Além disso, a criança apresentou na evolução, sintomas gastrintestinais, o
que deve orientar para a possibilidade de mecanismo não IgE mediado em
associação. Assim, este é um ponto que merece discussão, já que as
indicações desta fórmula seriam: anafilaxia, alterações gastrintestinais,
baixo ganho pôndero-estatural e alergia alimentar múltipla.

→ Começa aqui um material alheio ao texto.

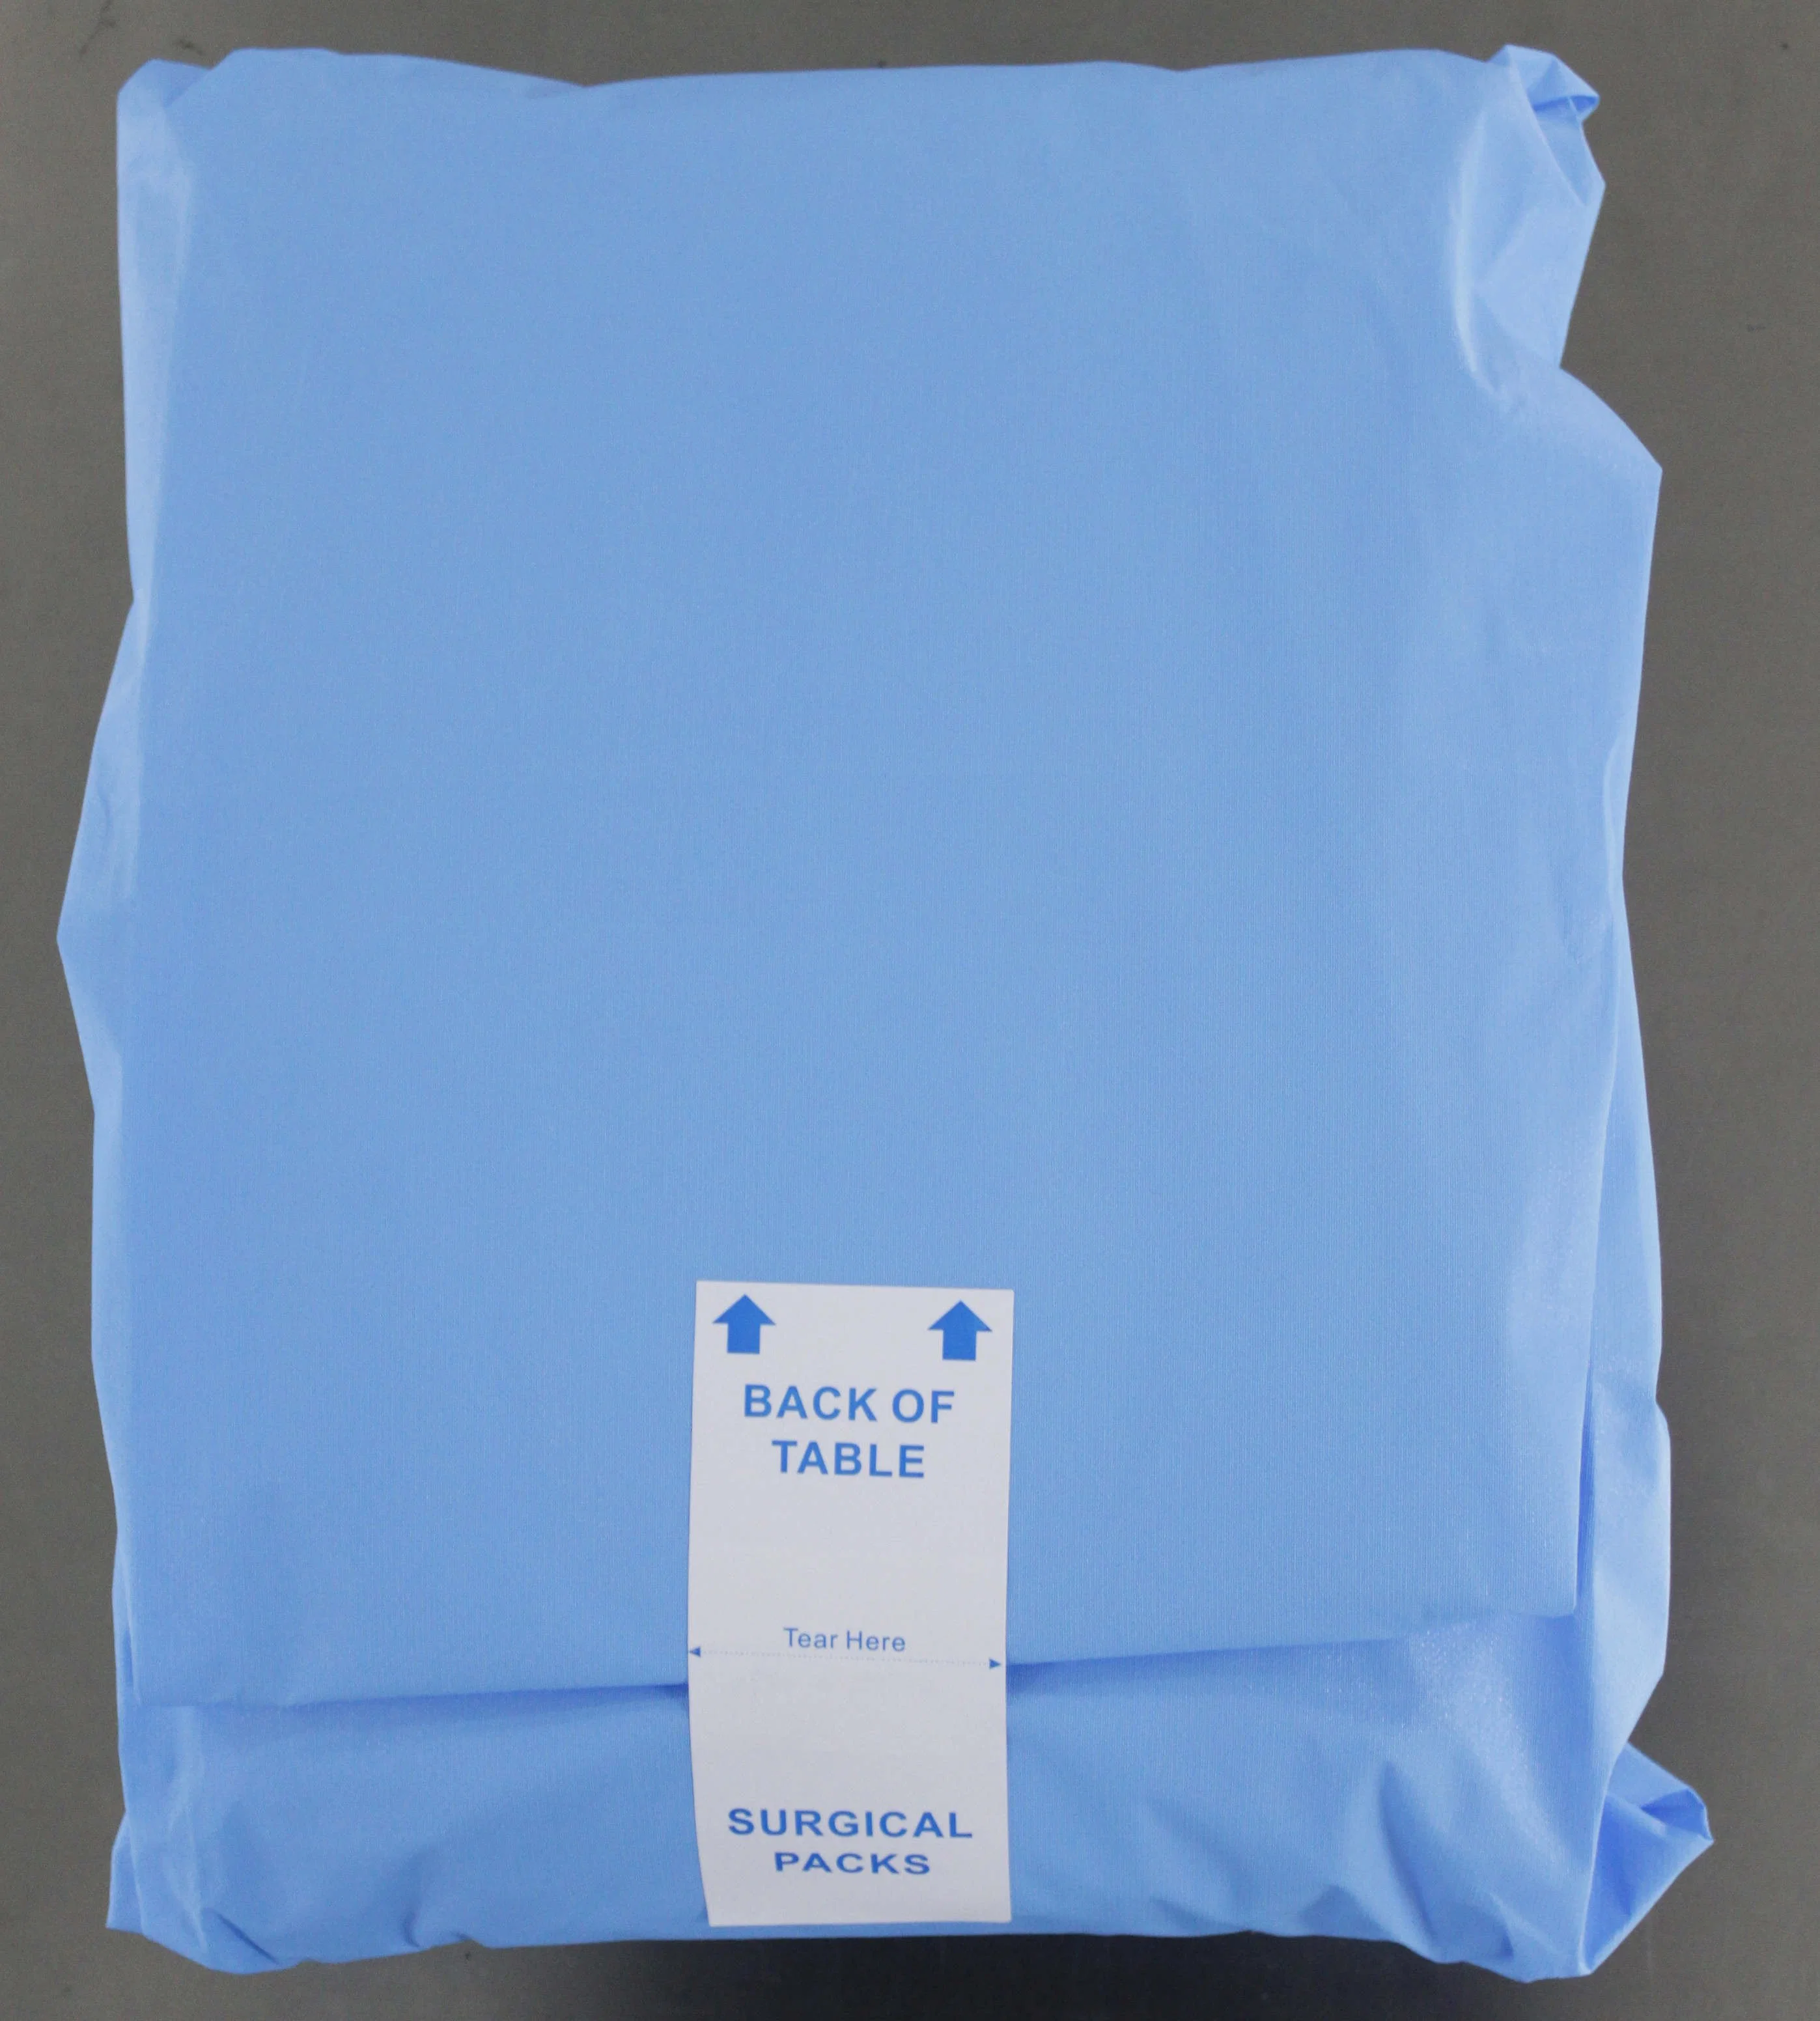 Emballage pour drape universel stérile pour chirurgie générale à usage hospitalier

Avaliando a evolução do paciente, observa-se que ainda mantém a
reatividade ao leite de vaca e oleaginosas. Quanto a este último grupo de
alimentos, sabemos que a reatividade se mantem por tempo prolongado e a
restrição deve ser mantida provavelmente até a idade escolar, quando
poderá ser novamente testado. Quanto à reatividade ao leite de vaca, a
evolução foi conforme esperada para este caso, que apresenta os
marcadores de fenótipo de persistência, entre eles: anafilaxia, altos valores
de IgE específica para caseína, além de apresentar outras alergias.
Bibliografia recomendada

Fiocchi A, Brozek J, Schünemann H, Bahna SL, von Berg A et al. World Allergy
Organization (WAO) Diagnosis and Rationale for Action against Cow's Milk Allergy
(DRACMA) Guidelines. Pediatr Allergy Immunol. 2010;21 Suppl 21:1-125

Kemp AS, Hill DJ, Allen KJ, Anderson K, Davidson GP et al. Guidelines for the use of
infant formulas to treat cow’s milk protein allergy: an Australian consensus panel
opinion. MJA 2008; 188: 109–112

Kim EH, Burks W.Managing food allergy in childhood. Cur Opin Pediatr 2012,24:615620

Latcham F, Merino F et al. A consistent pattern of minor immunodeficiency and suttle
enteropathy in children with multiple food allergy. J Pediatrics 2003:143:39-47

Wang J. Management of the patients with Multiple Food Allergies. Curr Allerg Asthma
Rep 2010, 10:271-7

Pinheiro A, Prates S. Alergia Alimentar Múltipla.Acta Med Port 2011;24:453-6

QUESTÕES
1- Como se caracteriza o paciente com alergia alimentar
mútipla?
a) Paciente de baixa idade com reações graves a mais que 3
alimentos.
b) Paciente que apresenta sintomas IgE mediados a mais que 2
alimentos da mesma família botânica.
c) Paciente que apresenta reatividade clínica a 2 ou mais
alimentos não relacionados.
d) Paciente com manifestações apenas gastrintestinais com
reatividade a 2 ou mais alimentos.
2- Quais as características clínicas dos pacientes com alergia
alimentar múltipla?
a) Apresentar sempre diarréia de difícil controle causada pela
alteração de permeabilidade intestinal
b) Apresentar dermatite atópica, asma e/ou rinite, além de
antecedentes familiares e individuais de atopia
c) Manifestar doenças autoimunes, já que a alergia alimentar
múltipla pode ser uma imunodeficiência minor.
d) Apesar da reatividade clínica a vários alimentos, a
tolerância aos mesmos se desenvolve precocemente.